EXERCISE DATA:
- - - - -
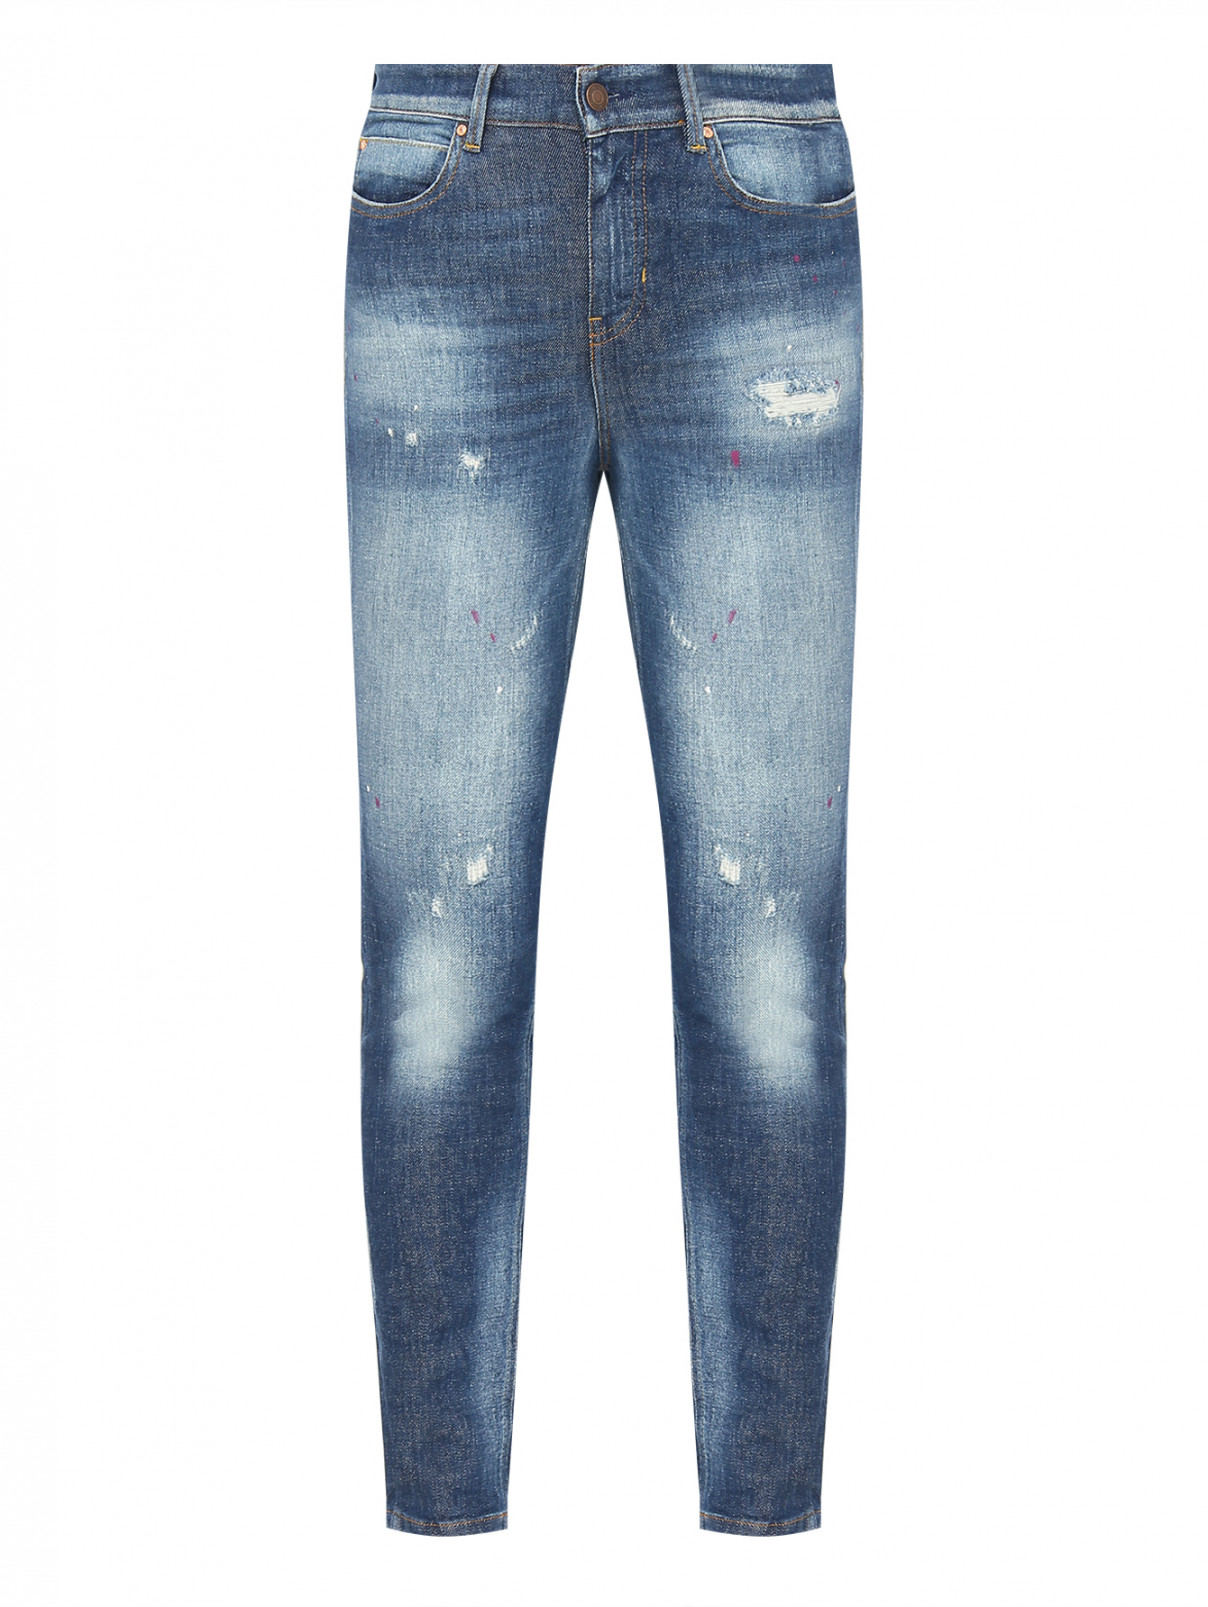 Зауженные джинсы с принтом Guess  –  Общий вид  – Цвет:  Синий
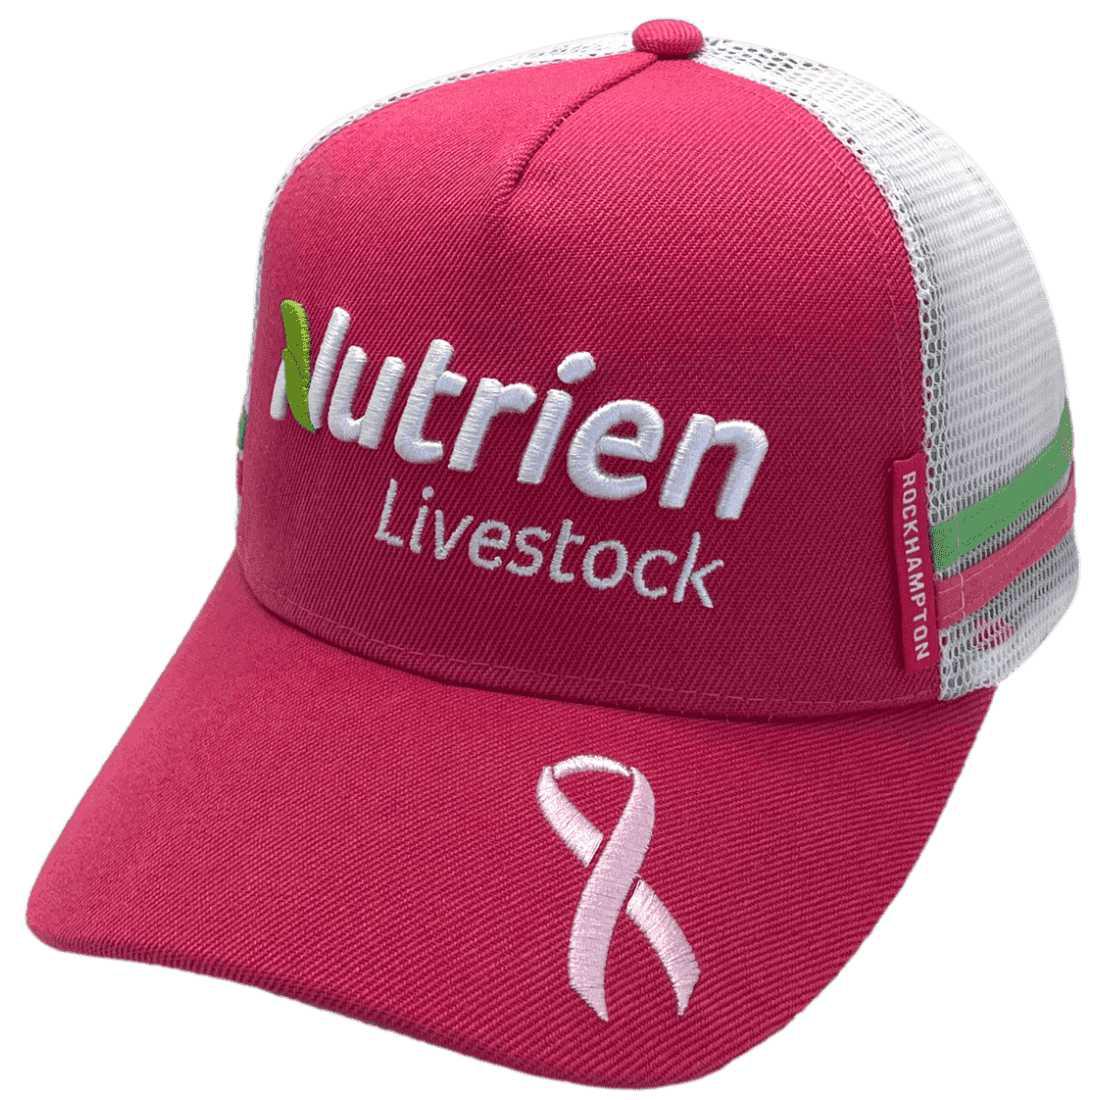 Nutrien Livestock - Midrange Aussie Trucker Hat
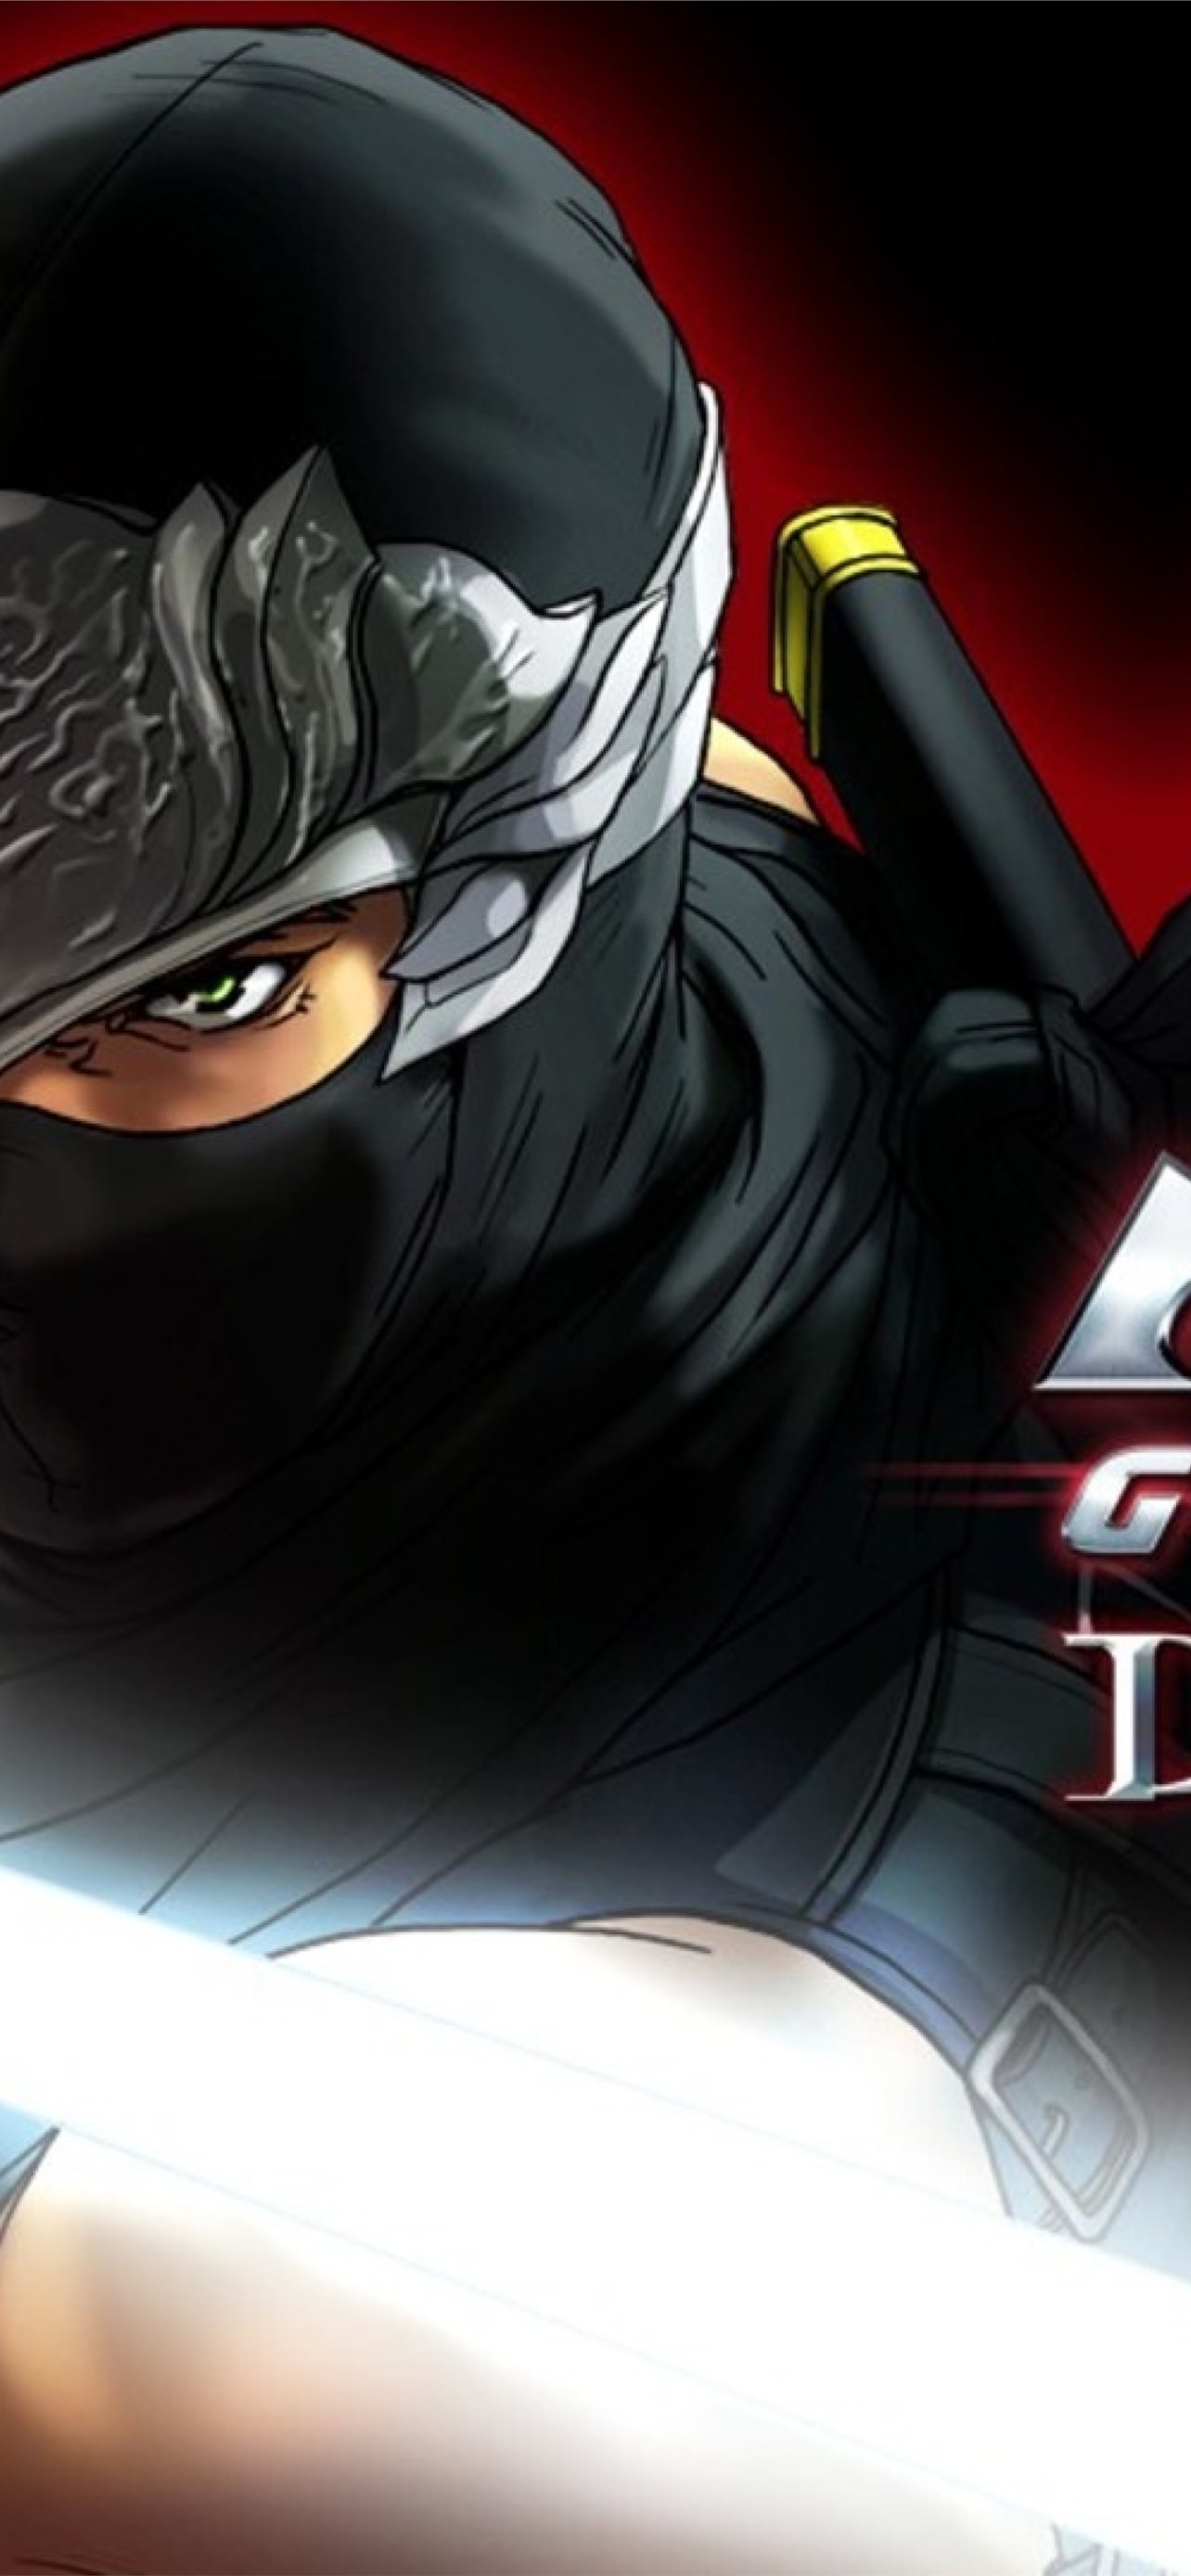 Ninja fortnite iphone wallpapers free download
- - - - -
TASK GOAL:
Return the data exactly. Pictures stay out.

FINISHED EXERCISE:
 Зауженные джинсы с принтом Guess  –  Общий вид  – Цвет:  Синий
 Nutrien Livestock - Midrange Aussie Trucker Hat
 Ninja fortnite iphone wallpapers free download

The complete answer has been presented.